O STF no horizonte da vacinação no Brasil – Começaram mal as tratativas entre o Ministério da Saúde e o governo de São Paulo para o início da vacinação contra a covid-19 no País com a Coronavac. A cobrança federal, sem aviso prévio, ao Instituto Butantã pela entrega imediata de 6 milhões de doses foi interpretada como um gesto de autoritarismo. Segundo um auxiliar de João Doria, o governador acha que Jair Bolsonaro trata o Estado como “quintal” para depositar entulho autoritário. É cada vez maior a chance de o Supremo ser, de novo, acionado por São Paulo em algum momento da disputa. Claro, tudo ainda depende da Anvisa, mas no próprio Supremo a leitura é de que o imbróglio em torno das doses deve mesmo ser resolvido pela Corte. O governo paulista pode acionar o STF para garantir que as doses não sejam confiscadas pela Saúde. O relator das ações sobre o tema na Corte é Ricardo Lewandowski. João Doria (PSDB) fez o mesmo na semana passada, quando o Ministério da Saúde sinalizou que poderia confiscar seringas dos Estados. Teve decisão favorável de Lewandowski e a Saúde recuou. No entendimento de interlocutores do ministro, só será possível entender se o caso da Coronavac configura um “confisco” olhando o contrato firmado entre os Estados e o governo federal. Como foi acordada a compra? O pagamento? A entrega das doses?

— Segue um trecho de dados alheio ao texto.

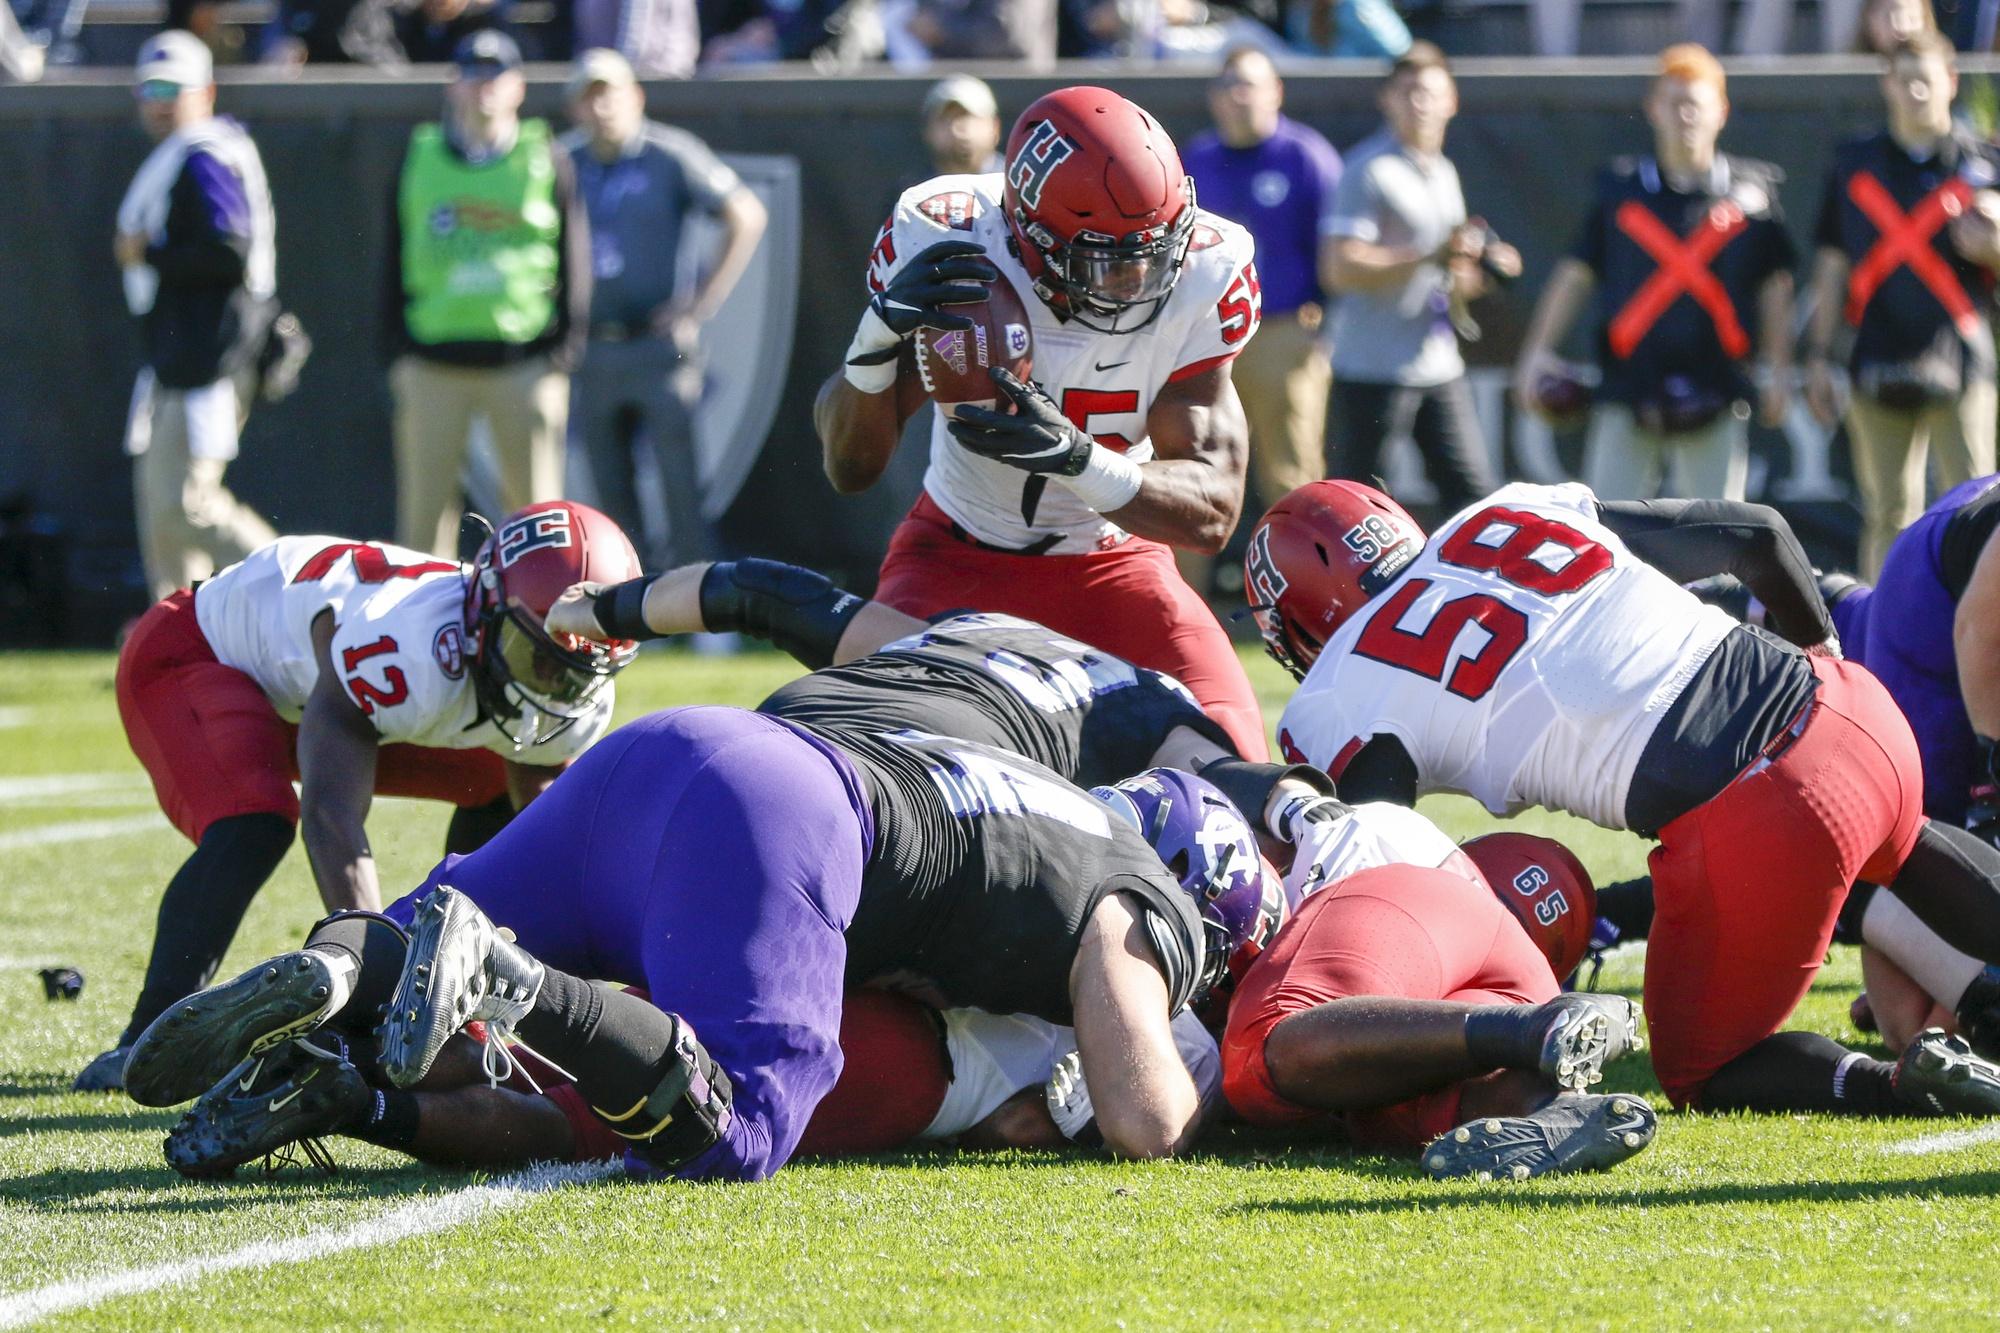 Junior linebacker Jordan Hill recovers a fumble in Saturday's contest. The junior is averaging 4.2 tackles per game.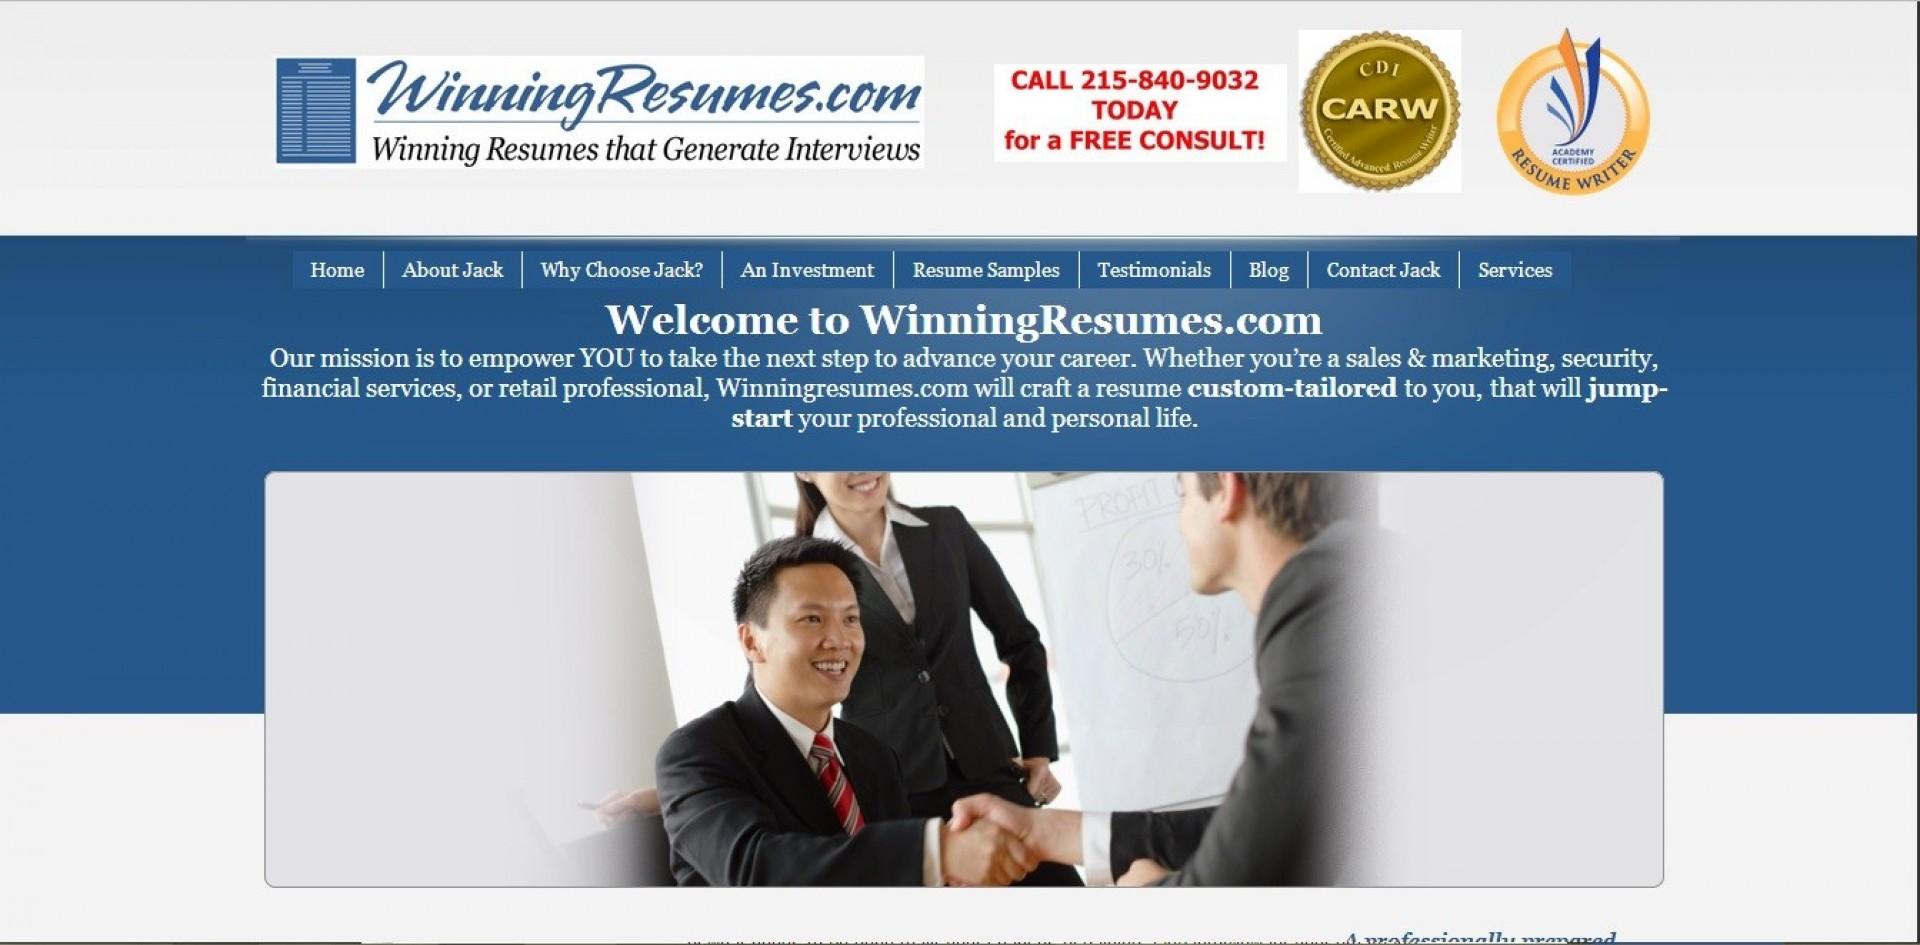 006 Winningresumes Com Review Essay Example Custom Writing Impressive Service Are Services Legal Free Canada 1920

Questões básicas que precisam ser respondidas. O tom nos bastidores da relação entre São Paulo e o governo federal, porém, ainda está abaixo do mostrado publicamente por Jair Bolsonaro e João Doria na sexta-feira. “O desespero de Bolsonaro atacando João Doria em programa televisivo, além de ser lamentável para um presidente da República, evidencia o seu avançado estágio de delírio político e demonstra sua criatividade na criação de narrativas fantasiosas”, afirma Marco Vinholi, secretário estadual de São Paulo. Cresce a cada dia a impressão entre políticos de que Bolsonaro habita.